Linked Data HomeData DescriptionLinking MethodGet Data


Crosswalk: World War II Enlistments to 1940 Census

The World War II enlistment file contains 2.6 million records from 1938-1947 linked to the 1940 Census. Compilation and cleaning of the enlistment data and linking to the census was performed by the CenSoc Project at the University of California at Berkeley. The data only include records for men. The data contain over 20 variables documenting the characteristics of the persons at the time of their enlistment, including height and weight information (see table below). Use the variable HISTID to link the data to records in the 1940 census.

Variables in the dataset

Variable Label
histid 1940 Census unique identifier
byear Year of birth
sex Sex
date_of_enlistment Date of enlistment
bpl Place of birth
residence_state State of residence at enlistment
residence_county County of residence at enlistment
place_of_enlistment Place of enlistment
education Education
grade_code Army grade (rank)
branch_code Army branch
term_of_enlistment Term of enlistment
race Race
citizenship Citizenship
civilian_occupation Civilian occupation
marital_status Marital status at enlistment
height Height at enlistment (inches)
weight_before_march_1943 Weight (pounds)
weight_or_AGCT Weight (pounds) or AGCT score*
component Army component
source Source of army personnel

* Weight data starting in 1943 are commingled with mental aptitude (AGCT) scores and sometimes other data.

Download data

Dataset (CSV)
Codebook

Citation

Users of the linked enlistment data should cite it as follows:

Goldstein, Joshua R.; Breen, Casey; Alexander, Monica; Miranda Gonzalez, Andrea; Menares, Felipe; Osborne, Maria; Snyder, Mallika; Yildirim, Ugur; Wikle, Anna, 2023, "CenSoc Army Enlistment Records", https://doi.org/10.7910/DVN/ZFVVNA, Harvard Dataverse, V2

CenSoc Methodology

The development of the WWII enlistment data by the CenSoc Project is described in this technical report, which describes related datasets and discussion of data limitations. Linking of enlistment data to the 1940 census was performed using a conservative variant of the ABE approach developed by Abramitzky, Boustan, and Eriksson, as described in the report.

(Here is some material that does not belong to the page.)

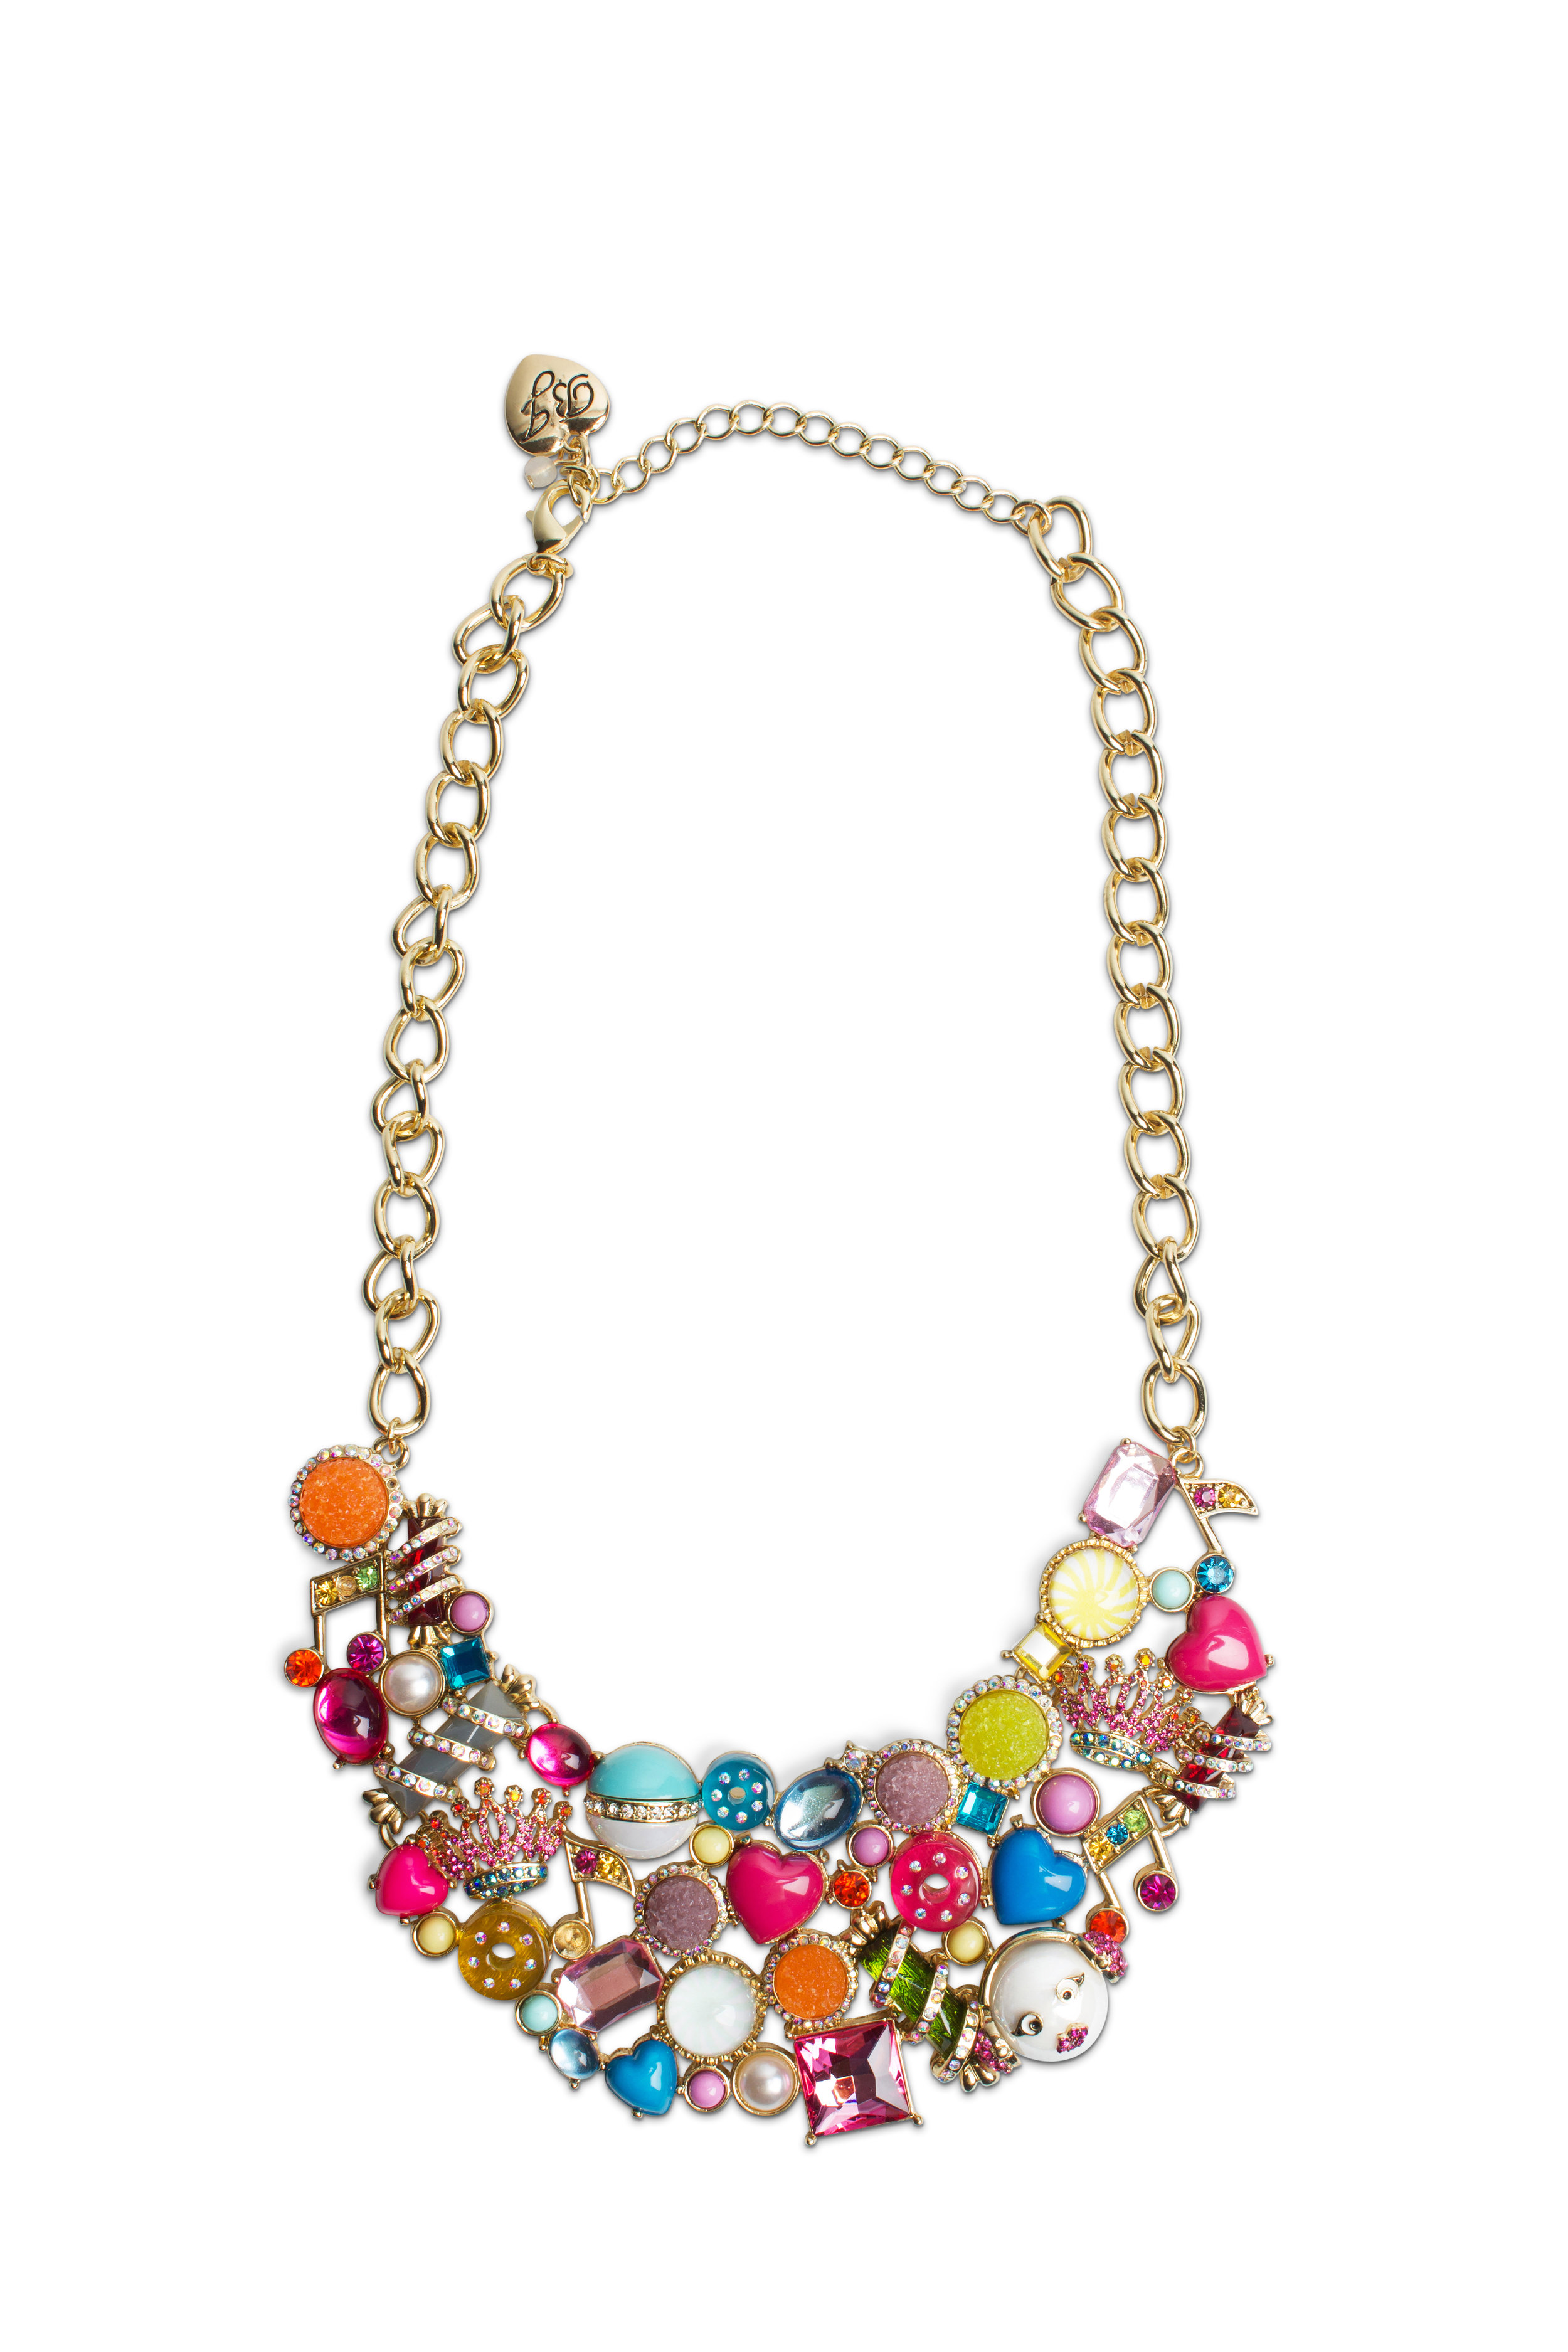 2-necklace-wite-bkg-f3.jpg

CenSoc offers several datasets that were developed for the study of mortality. These datasets include social security data and the full World War II enlistment dataset from which the linked data provided from this web page were drawn. The full enlistment file is considerably larger and includes women. All CenSoc data are available free of charge.

MLP Next Steps

In future releases MLP will link the enlistment records to additional census years, provide machine-readable variable and value labels, and attempt to separate the mental aptitude data that are mixed with weight information.